Aos pouco essa agenda foi superada, mas deixou lições importantes. Era uma questão que precisava ser dividida em duas: as prerrogativas do Estado e do governo. O Estado não é, necessariamente — ou não deveria ter sido —, o principal empecilho para a consecução do programa de governo eleito em 2002. Quando se transformou em um, o problema passou a ser político e precisa ser analisado nesse contexto.
Já o governo é a concentração de determinadas forças políticas inseridas na ordem institucional e não constitui — ou não deveria constituir — um problema porque ele é a expressão de um programa debatido e aprovado pela maioria da sociedade. Seu êxito depende de como essa maioria encara os passos que são dados pelo governo no rumo proposto. E isso depende de como se comportam as forças políticas que estão representadas em dois níveis simultâneos, cada qual com sua especificidade: no governo central e no Congresso Nacional.
Analisemos, em primeiro lugar, o Estado brasileiro de hoje. Há, basicamente, duas maneiras de se encarar essa questão. A primeira diz respeito ao seu caráter. É possível que boa parte de nossos problemas se deva ao fato de as classes dominantes nunca ter investido em um caminho definido de desenvolvimento — salvo em curtos períodos de nossa história. Poucas vezes instituímos uma economia com algum planejamento e um Estado com alguns traços de bem-estar social. E também tivemos poucos governos com força política para agir como árbitro da partida entre capital e trabalho.
No Brasil, a tradição é a de patrões e trabalhadores se reunirem em clubes distintos e só se conversarem em situação de conflito, na maioria das vezes por meio de advogados. O Estado sempre foi um provedor de benesses particulares e um protetor de interesses econômicos privados. E, não raro, agiu como um meio para socializar prejuízos. Ou seja: um Estado sem condições de responder às necessidades de um projeto de nação e desinteressado em adotar mudanças que os novos tempos impõem. Os direitos democráticos e individuais, por exemplo, são constantemente violados. A cidadania e a valorização do ser humano ainda são conceitos secundários.
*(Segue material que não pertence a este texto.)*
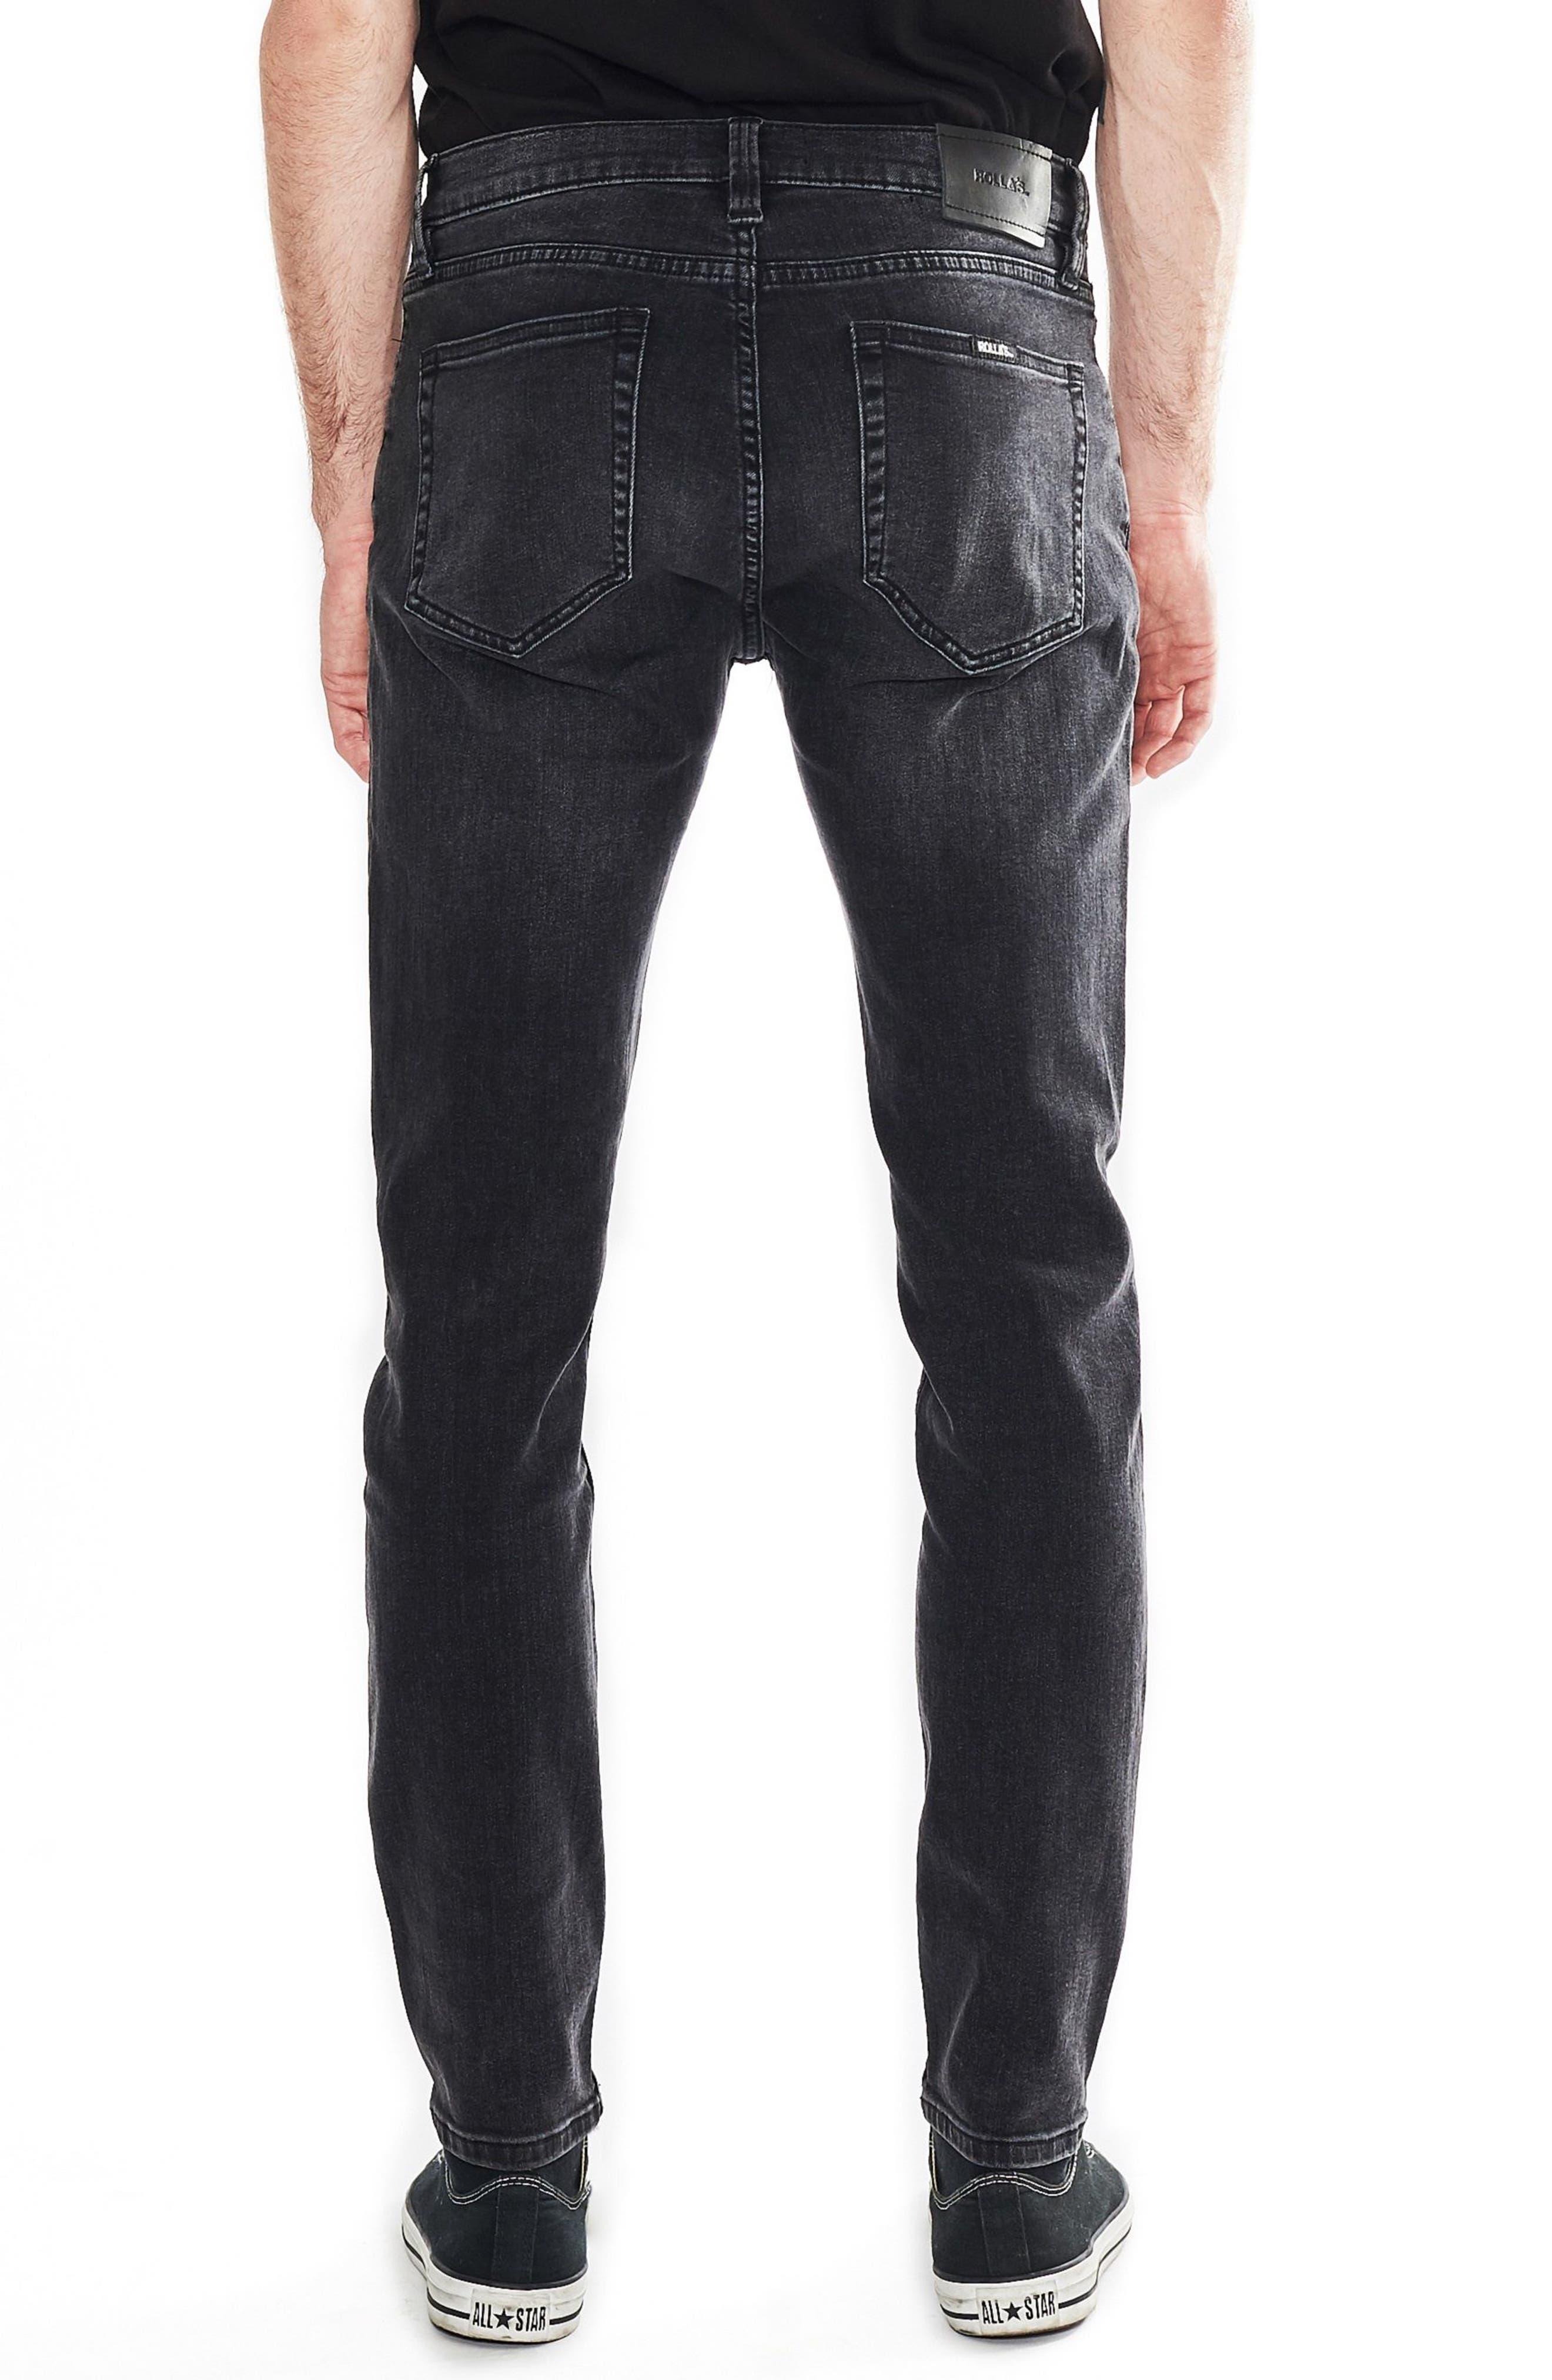 Stinger Skinny Fit Jeans,                             Alternate thumbnail 2, color,                             OLD GOLD

A outra maneira diz respeito à contradição entre essa situação e a conquista de direitos ao longo de mais de um século de lutas populares. Esses direitos são o resultado de batalhas travadas quase sempre de forma radicalizada — um contraponto ao autoritarismo da elite brasileira. O Brasil é o único país que manteve a escravidão até as barbas do século XX. Nenhum outro país também se orientou pelos interesses de suas oligarquias rurais até depois da Segunda Guerra Mundial.
O resultado dessa letargia nacional está impregnado no Estado. Não é por outro motivo que o jeito como a elite brasileira reage às ações sociais expressa rancor e reação violenta, ressentida. O Estado, para essa visão, deve ignorar seus mecanismos de mediação democrática e recorrer à repressão. Ou seja: pouca coisa mudou na essência do modo como a elite e o restante do povo se veem e se relacionam.
Analisemos, então, o governo desse Estado. Ao assumir o poder em 2002, as forças políticas da coalizão centro-esquerda colocaram ao país a questão: o governo mudava o Estado ou o Estado mudava o governo. (Demorou, mas prevaleceu, com o golpe de 2016, a segunda hipótese.) A direita continuou abusando do seu poder inchado e sabotando a nossa frágil teia social, até golpear, novamente, a face democrática do Estado, com seus tradicionais meios aéticos.
Só se pode falar efetivamente em projeto de sociedade se essa distinção entre esses dois campos estiver clara. Essa é a alavanca para colocar os trabalhadores no centro da arena econômica e política. A luta para abrir uma perspectiva nova ao país, para resolver os problemas da imensa maioria da população e trazê-la para século XXI, pressupõe mobilizar essa grande reserva humana em torno de um projeto.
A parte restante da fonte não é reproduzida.